#### BRIEF:
A verbatim copy of all the data is required, minus any images.

++++ DATA SHOWN

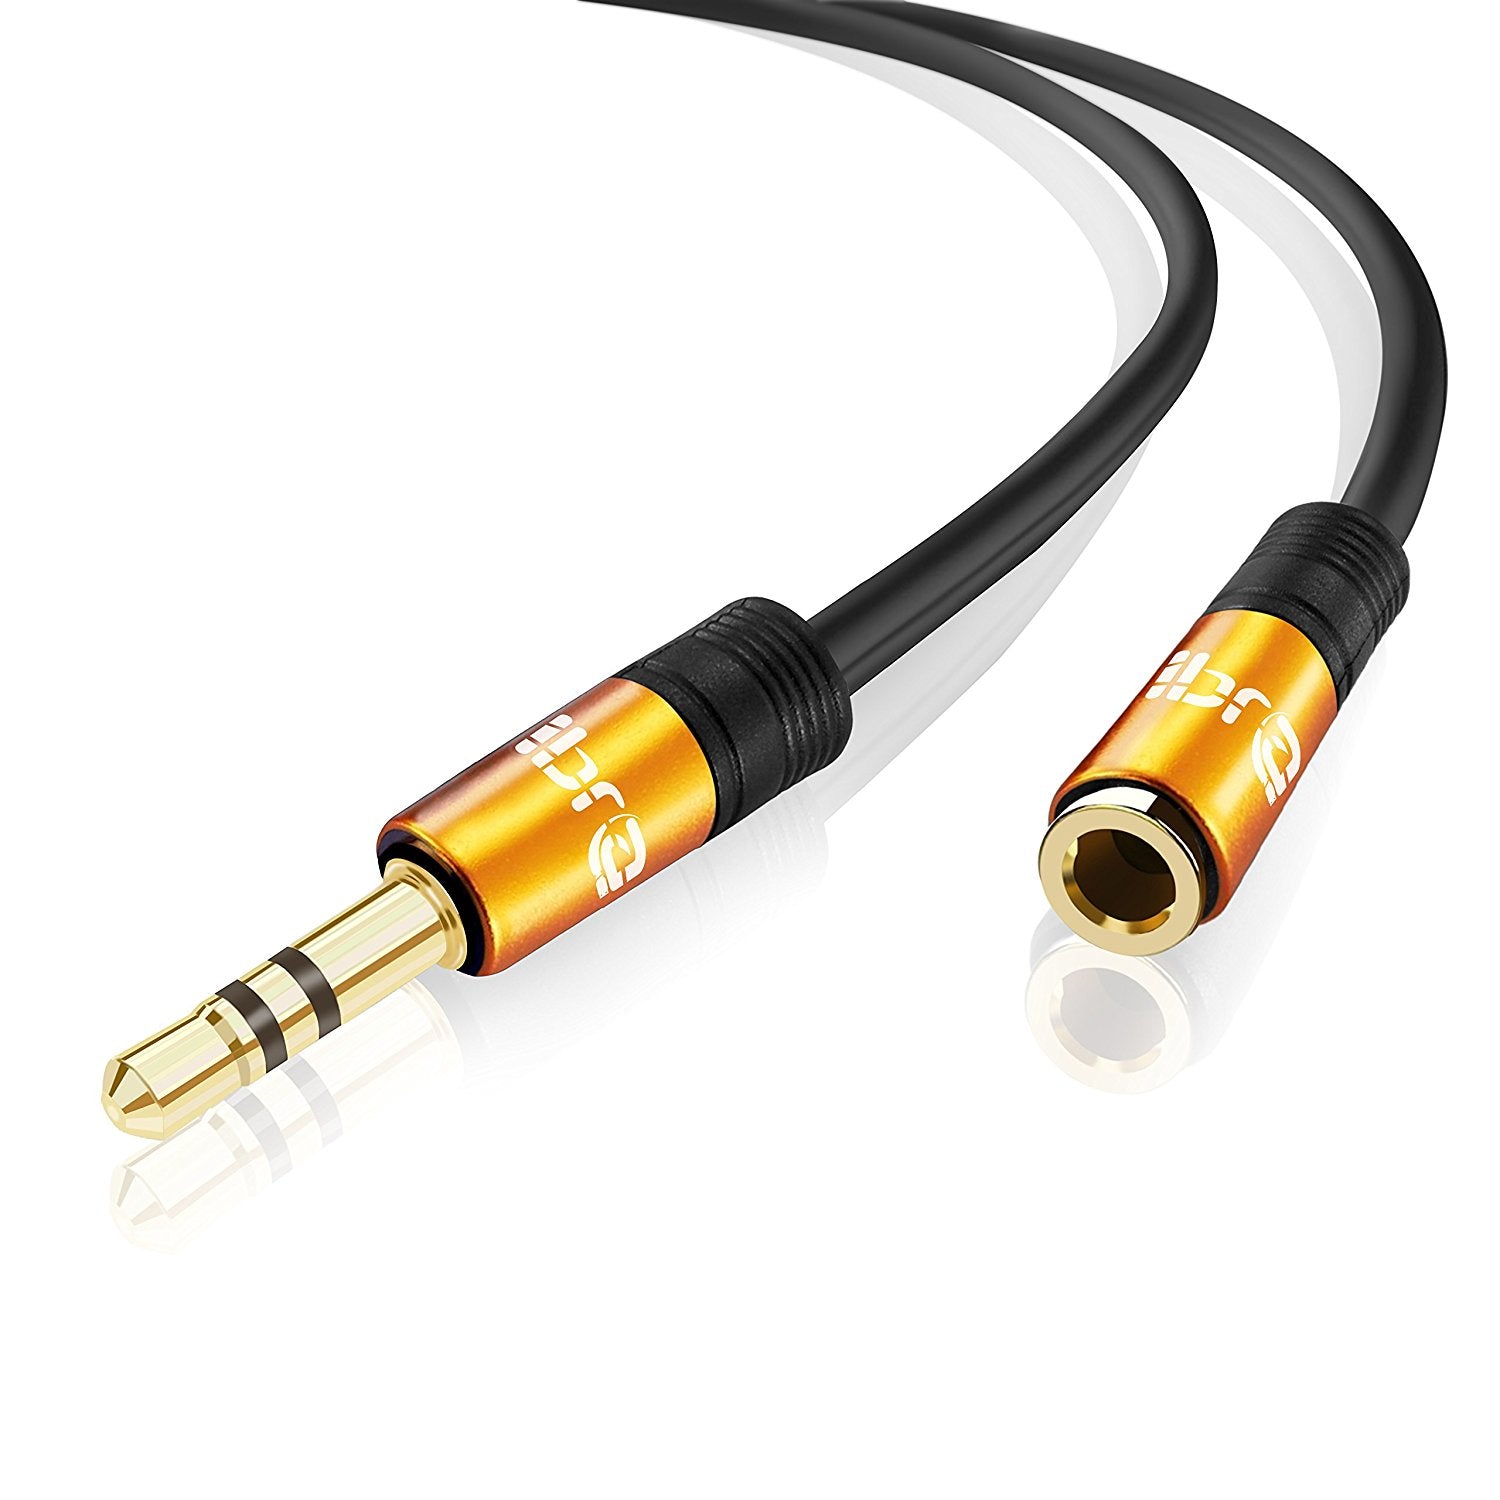 IBRA 5M Stereo Jack Extension Cable 3.5mm Male > 3.5mm Female - Orange
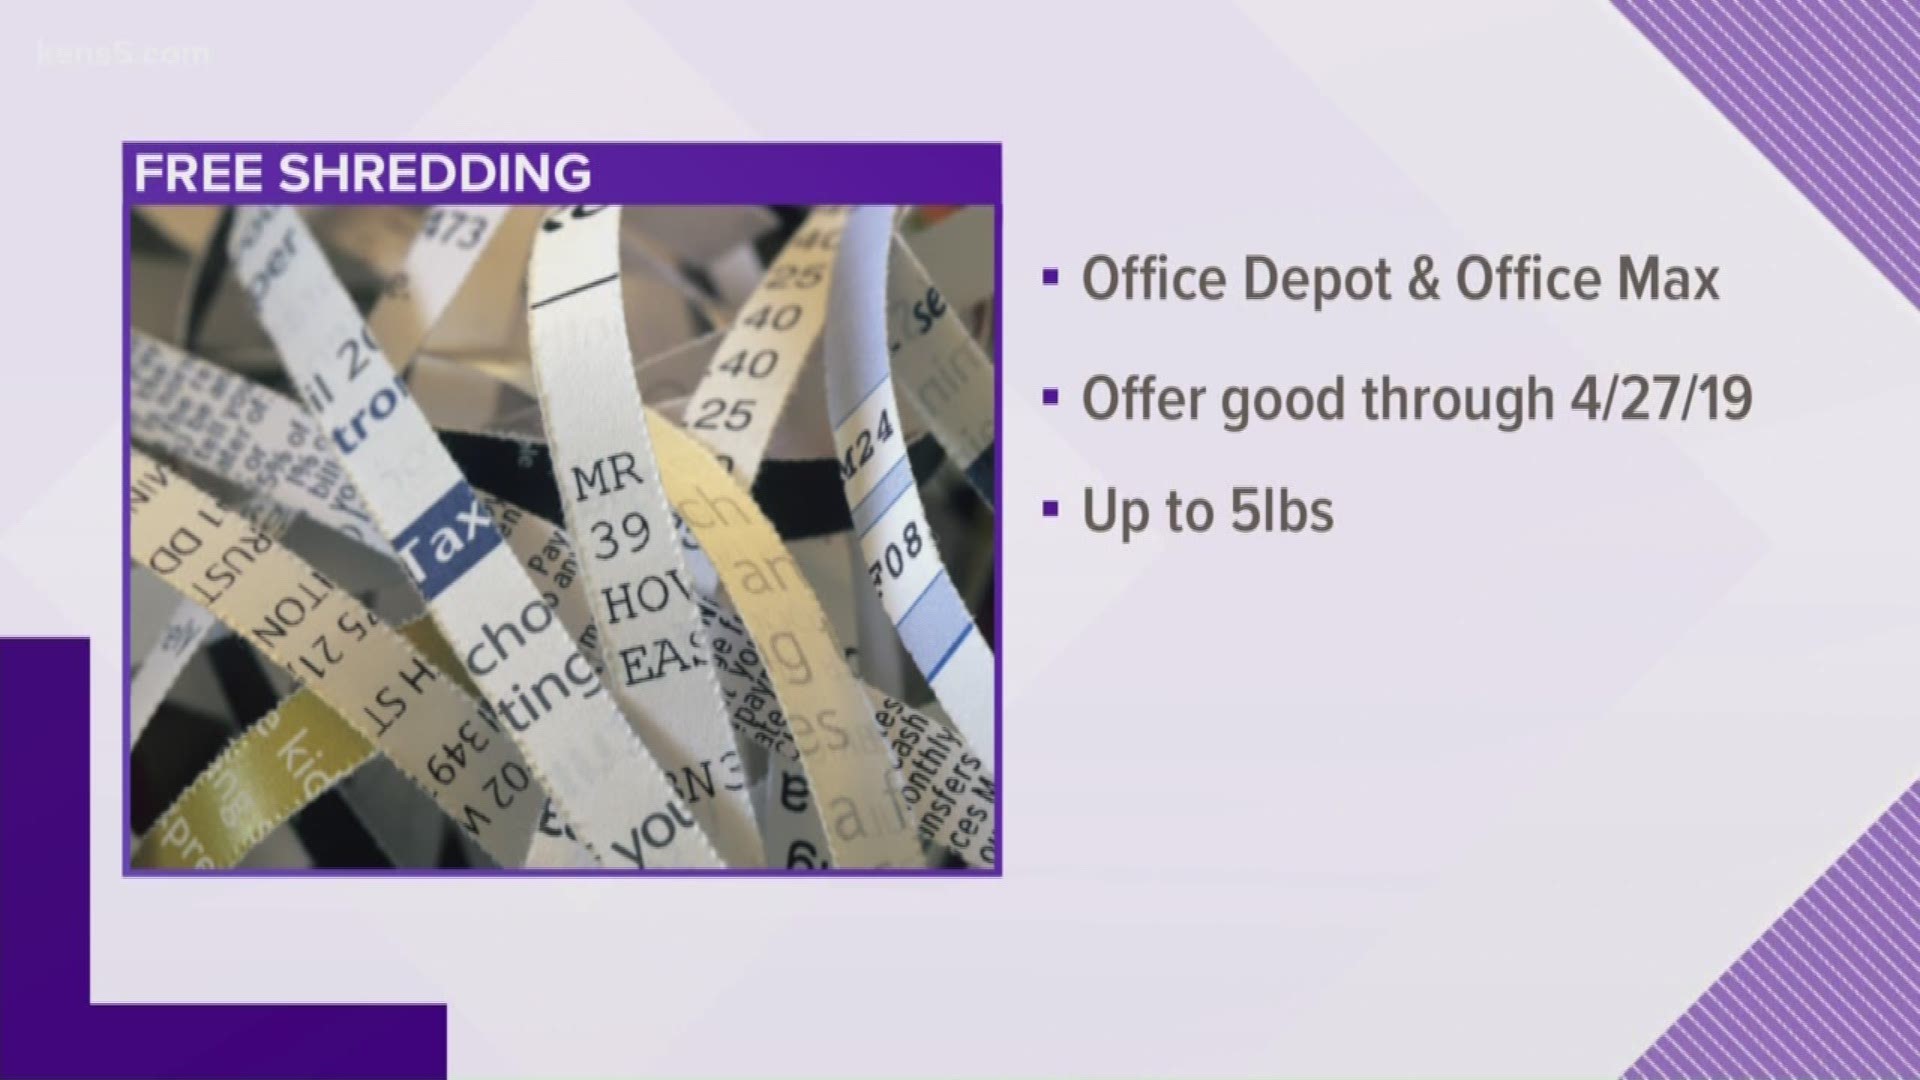 Workonomy is offering free shredding services through April 27, but customers will need the coupon to take advantage of the deal.
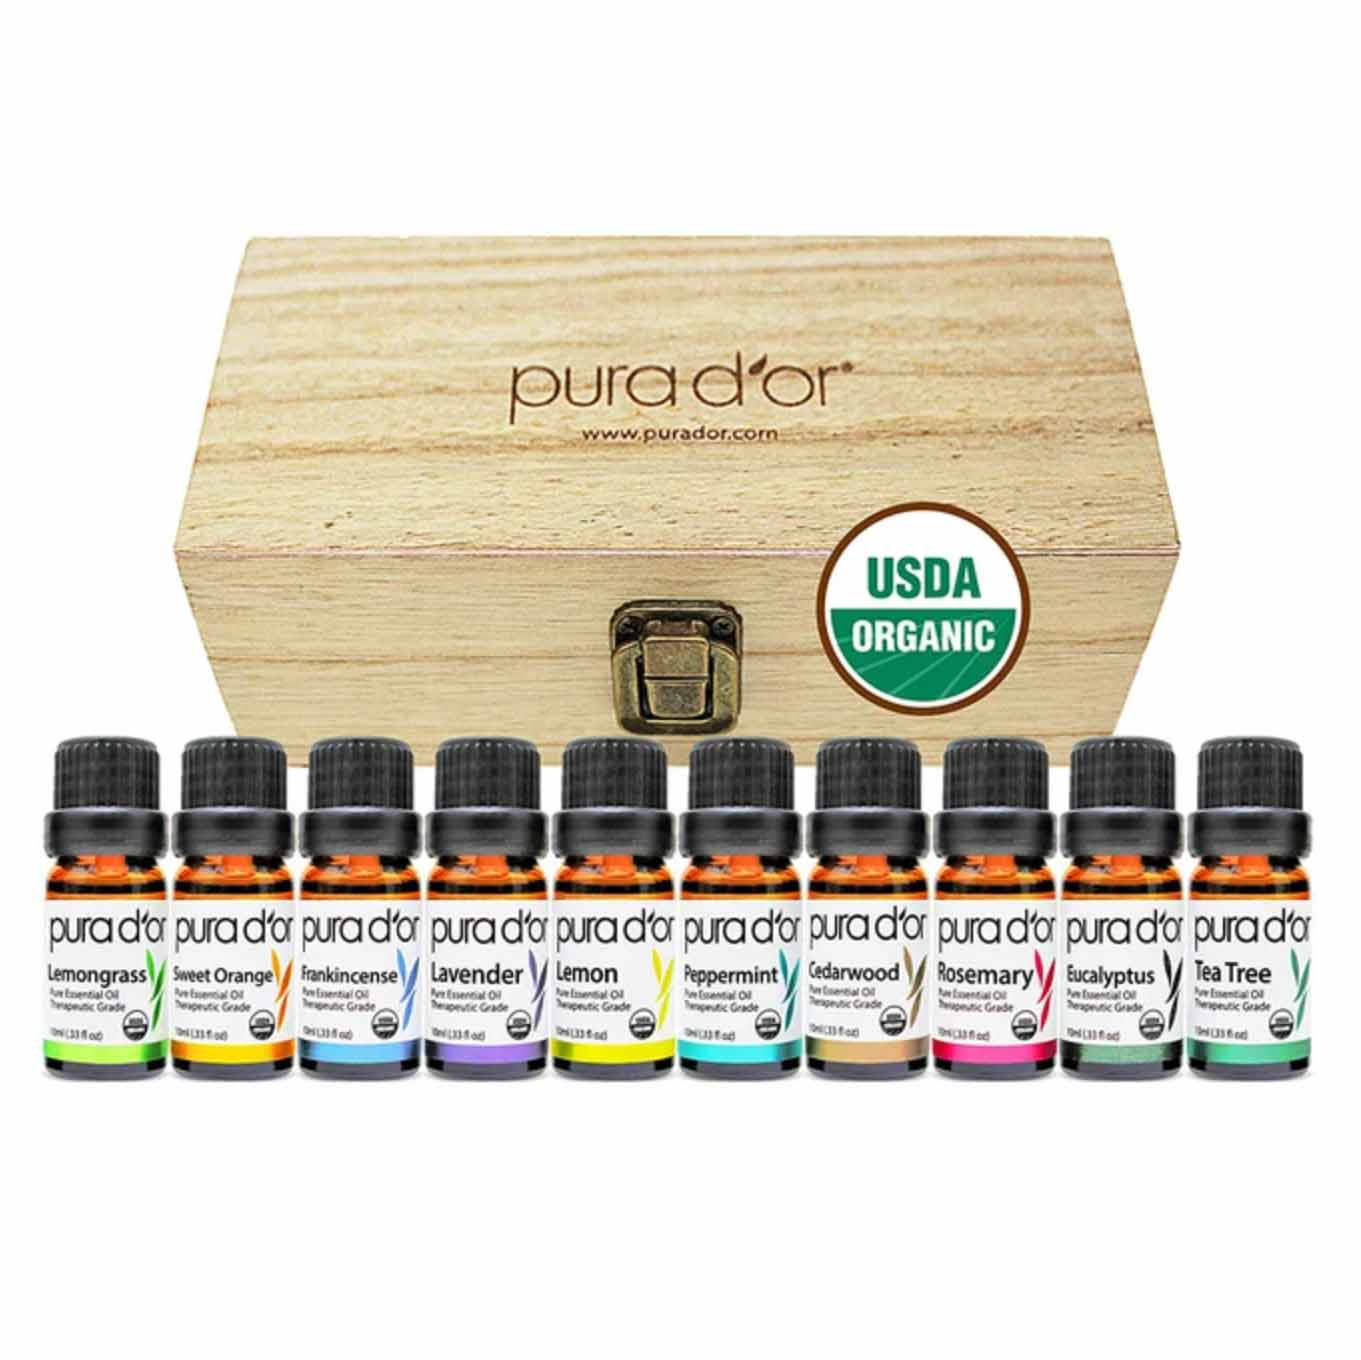 Sets of 10 essential oils and wooden box

++++++++

#### RESULT:
 IBRA 5M Stereo Jack Extension Cable 3.5mm Male > 3.5mm Female - Orange
 Workonomy is offering free shredding services through April 27, but customers will need the coupon to take advantage of the deal.
 Sets of 10 essential oils and wooden box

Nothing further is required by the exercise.